Pros: Excellent exposition of probability theory, developed with an eye towards its use in statistics. Abundant exercises in problem sets. Clean use of mathematical notation, and thorough in terms of exploring the manipulations of mathematical formulas that typically arise in statistics.

Cons: At times this book tends towards tedious manipulations. In spite of its name, not a great text for a statistician; weak in many areas of statistics (especially data analysis).  Also contains almost no discussion of stochastic processes.

Probability and Measure is a classic, "old-school" text in measure-theoretic probability; it's the sort of text that an older professor would be likely to have on their shelf and/or recommend.  Although I normally shy away from these sorts of books, I think this is one older book worth looking at.

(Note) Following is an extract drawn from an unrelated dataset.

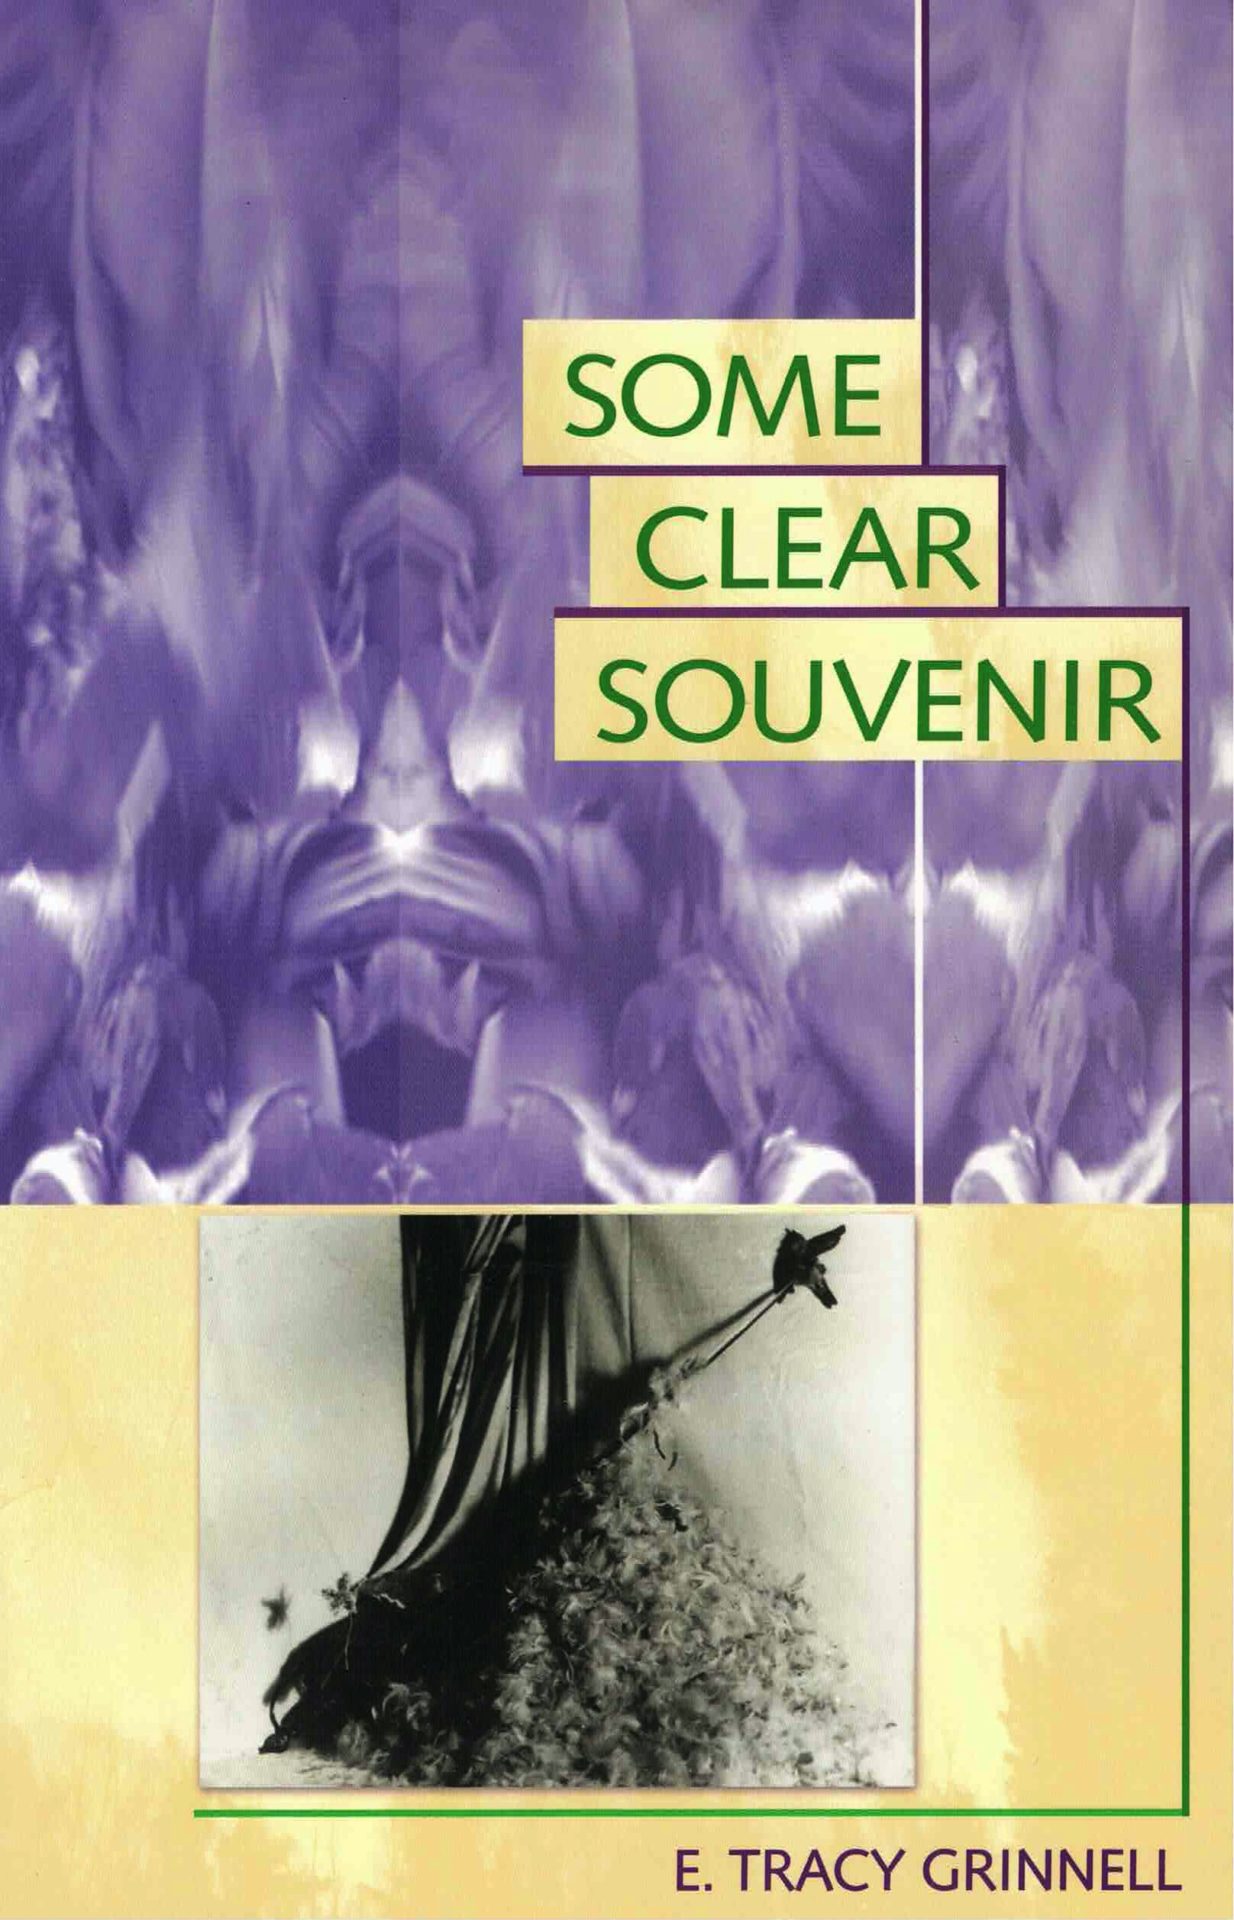 cover of Some Clear Souvenir by E. Tracy Grinnell, lavender purple textured image on top of a b&w image of the fabrics and textures
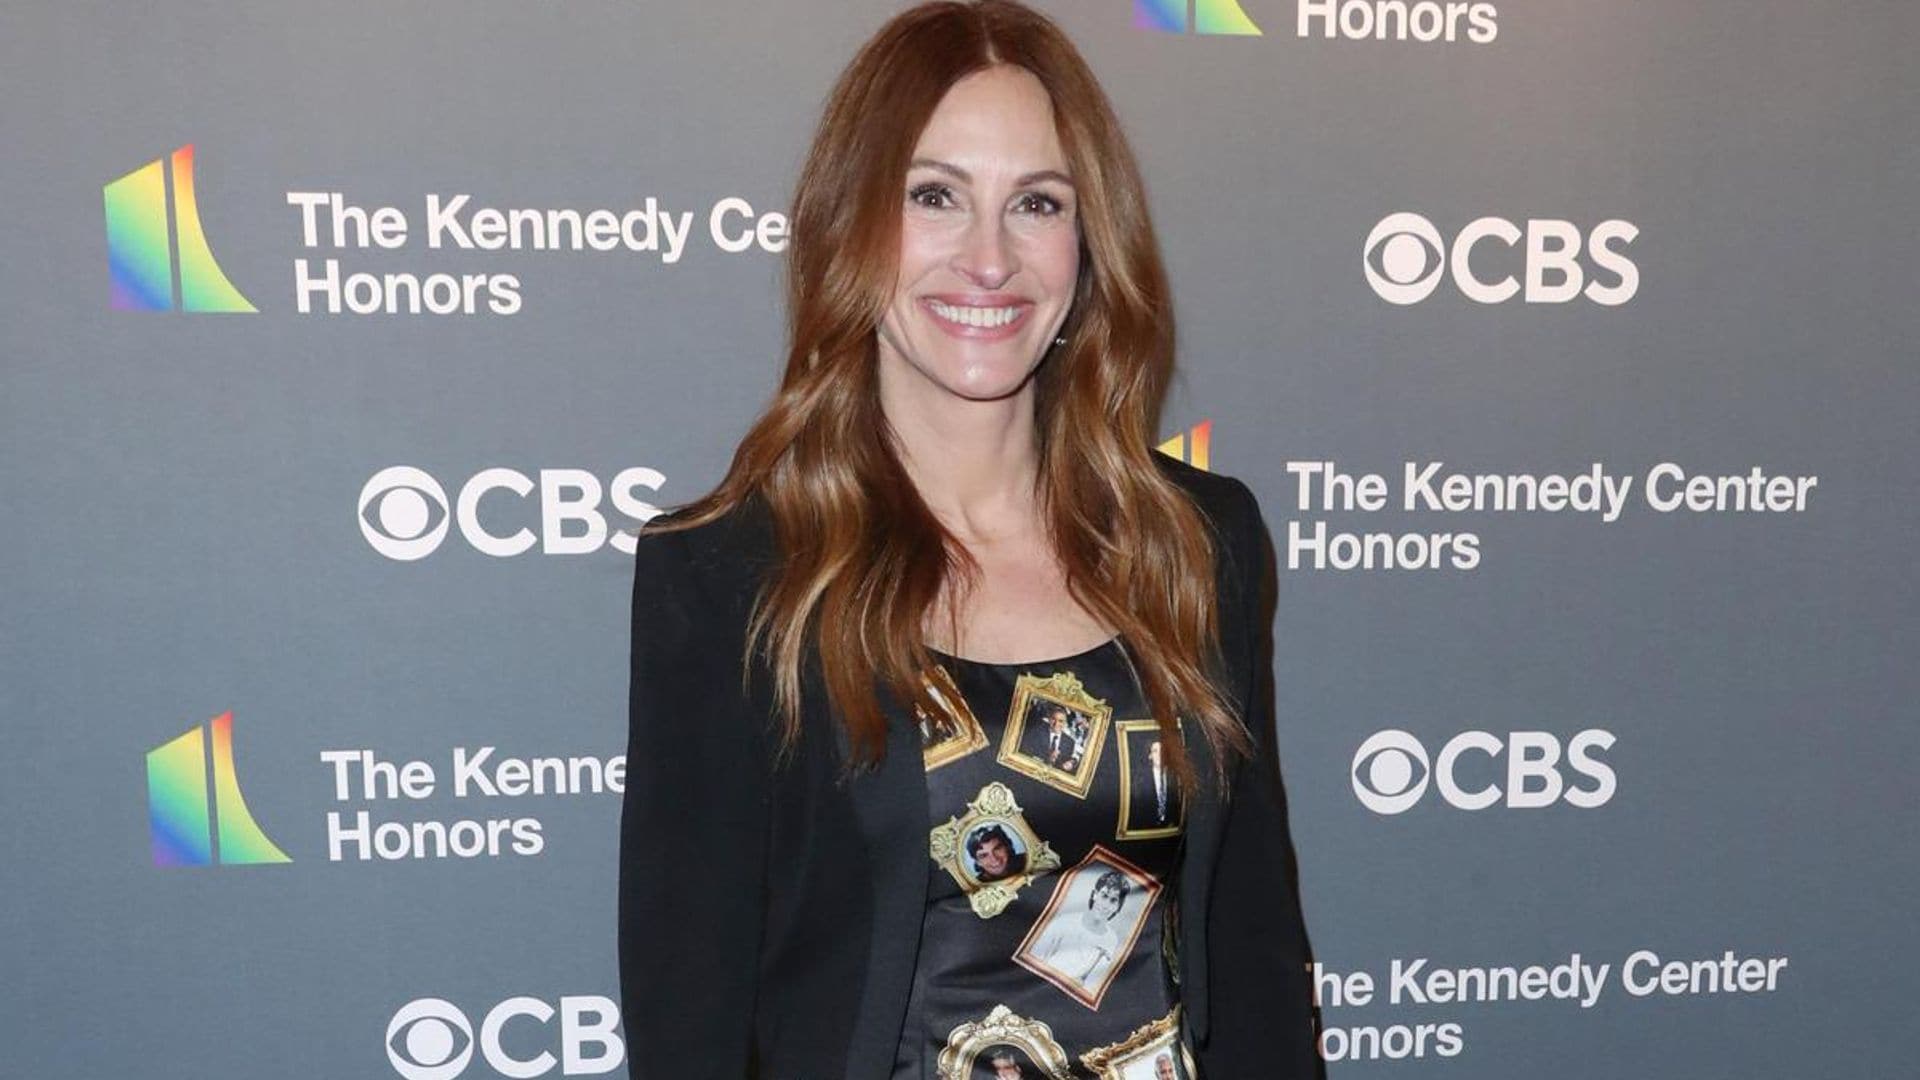 Julia Roberts wears dress with George Clooney’s face on it

Pros: This book does an outstanding example of introducing the rigorous theory of measure and integration in such a way that integrates it with the applications in the theories of probability and stochastic processes for which it is most useful. It takes a painfully abstract subject and makes it surprisingly captivating.

Cons: As clear as this book is, it's covering a very tough subject. An overwhelming majority of students will neither need this book's material, nor be able to easily understand it. I recommend strong prior exposure to mathematical analysis (advanced calculus), and ideally, some exposure to topology and other abstract math that heavily uses set theory.

Free Online Probability Textbooks

Every resource in this section is available online, free of charge!

Probability is one subject within mathematics for which there are outstanding free online resources available. Here I have selected three online textbooks, which are the most useful resources I know about in book-like format (two of them are actually published in hard-copy books as well).

  • Introduction to Probability by Grinstead and Snell - This book is published by the AMS, but is also available for free download in PDF format on Dartmouth's website.
  • Probability and statistics EBook - Maintained by UCLA, this e-book is oriented towards the AP Stats curriculum. It is oriented toward statistics, and is formatted like Wikipedia and other MediaWiki sites.
  • Probability, Statistics and Stochastic Processes by Cosma Rohilla Shalizi - This book covers basic probability theory, its applications to statistics, and stochastic processes. It is available for free download in PDF format on the University of Michigan website.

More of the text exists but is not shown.